Given data:

========================================================================

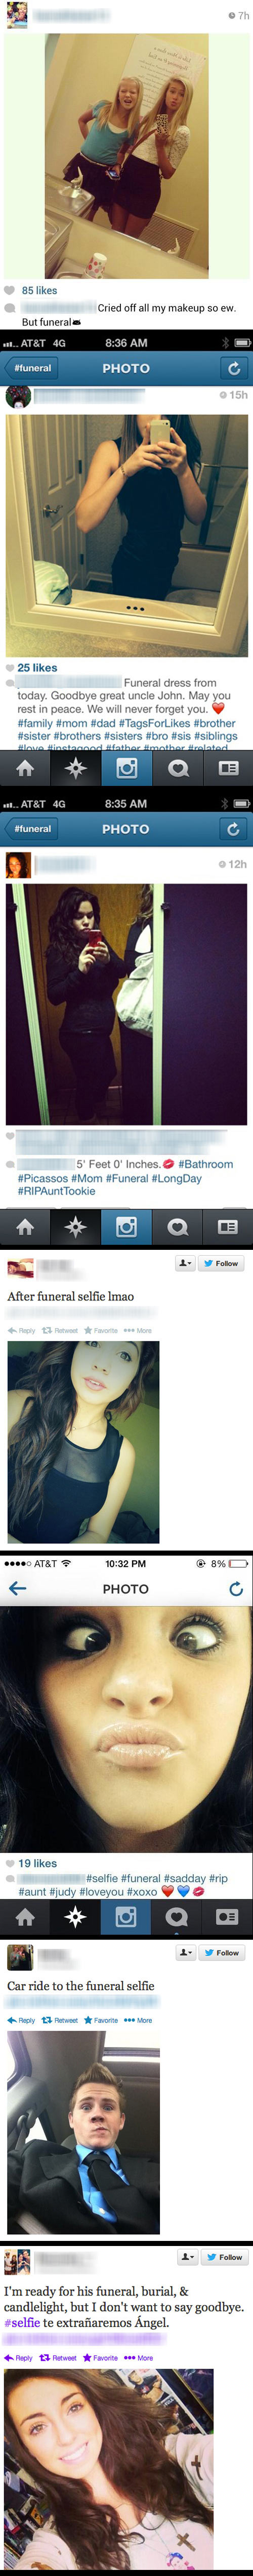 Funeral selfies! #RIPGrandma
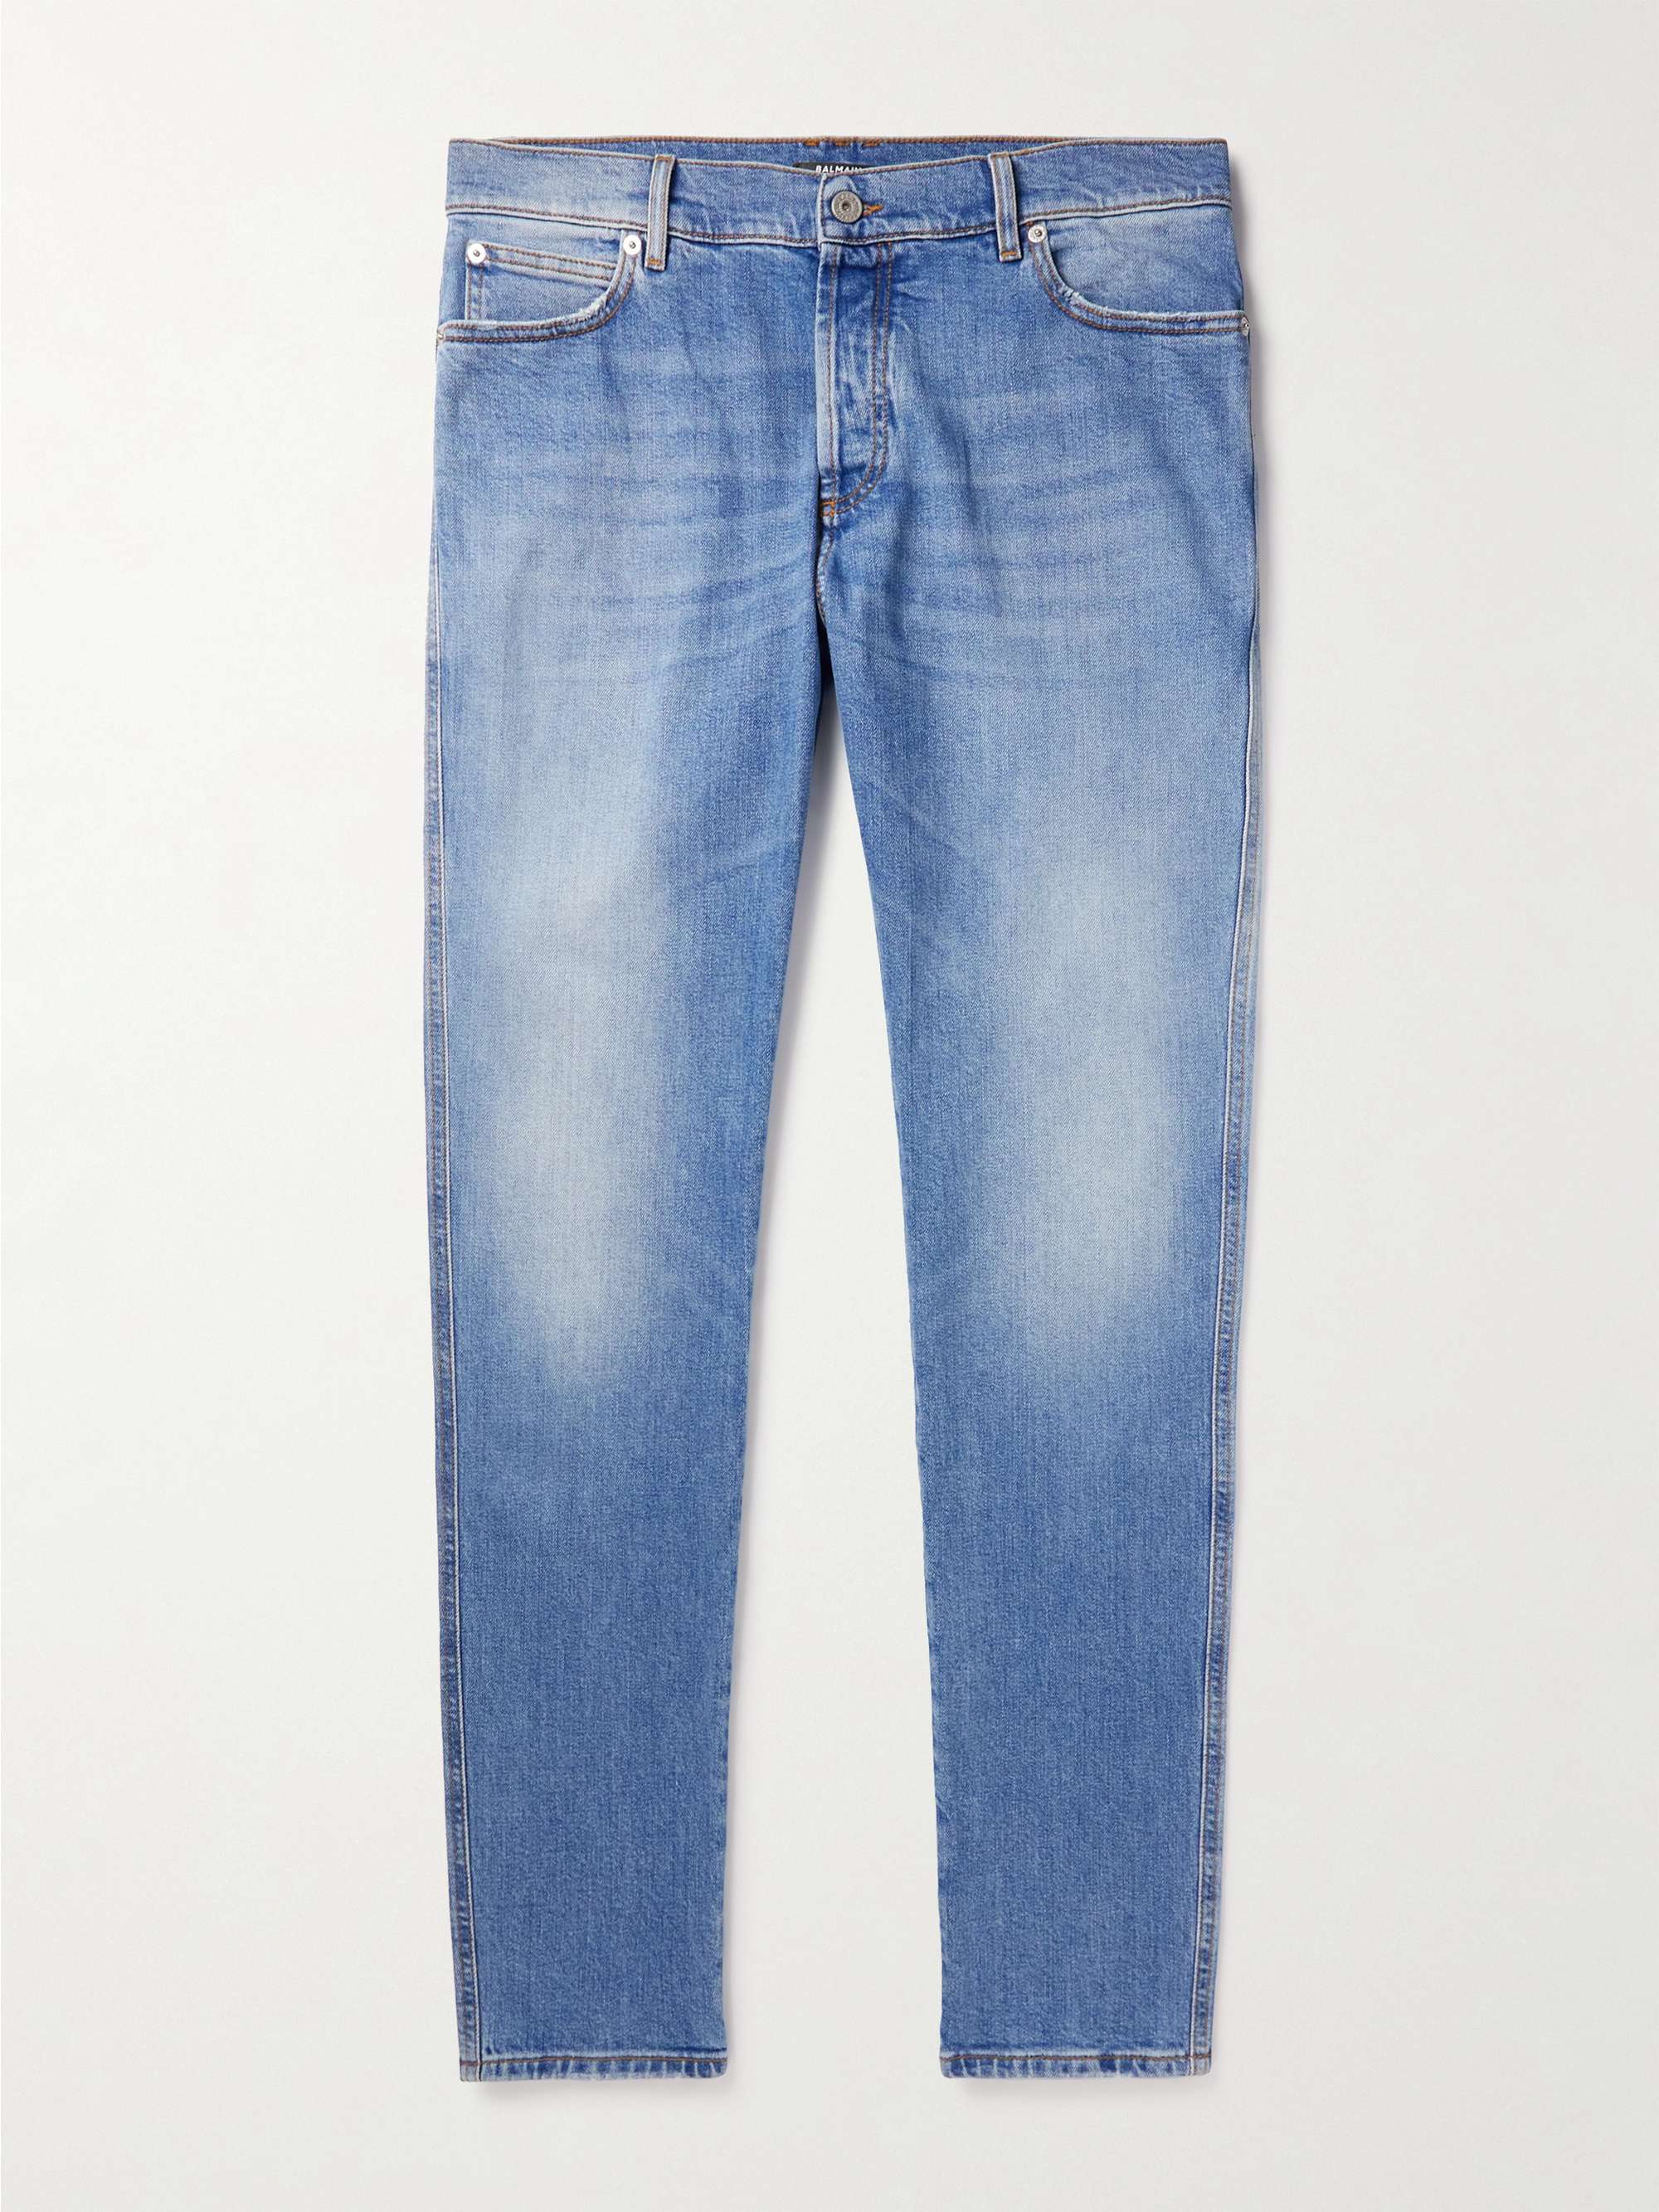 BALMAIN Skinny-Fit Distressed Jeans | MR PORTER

========================================================================

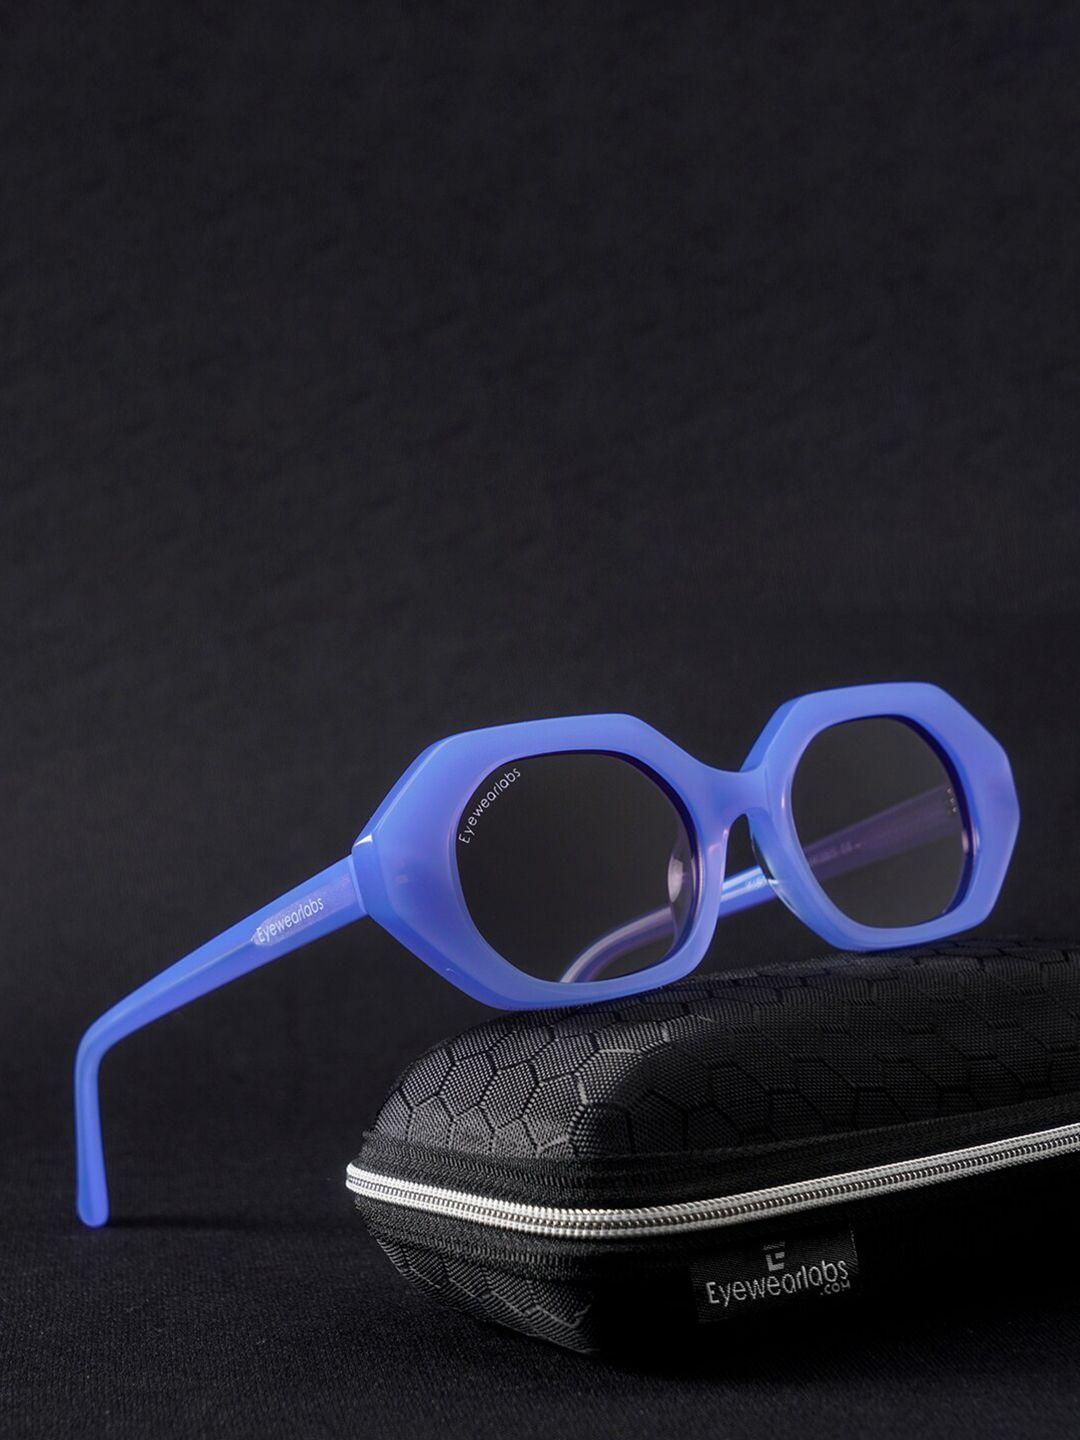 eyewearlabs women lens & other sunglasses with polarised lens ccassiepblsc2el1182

========================================================================

Task to carry out: Pictures aside, return exactly the lines from the data above, starting at the line that has "Funeral selfies! #RIPGrandma" and ending at the line that has "BALMAIN Skinny-Fit Distressed", both included.

Output:
 Funeral selfies! #RIPGrandma
 BALMAIN Skinny-Fit Distressed Jeans | MR PORTER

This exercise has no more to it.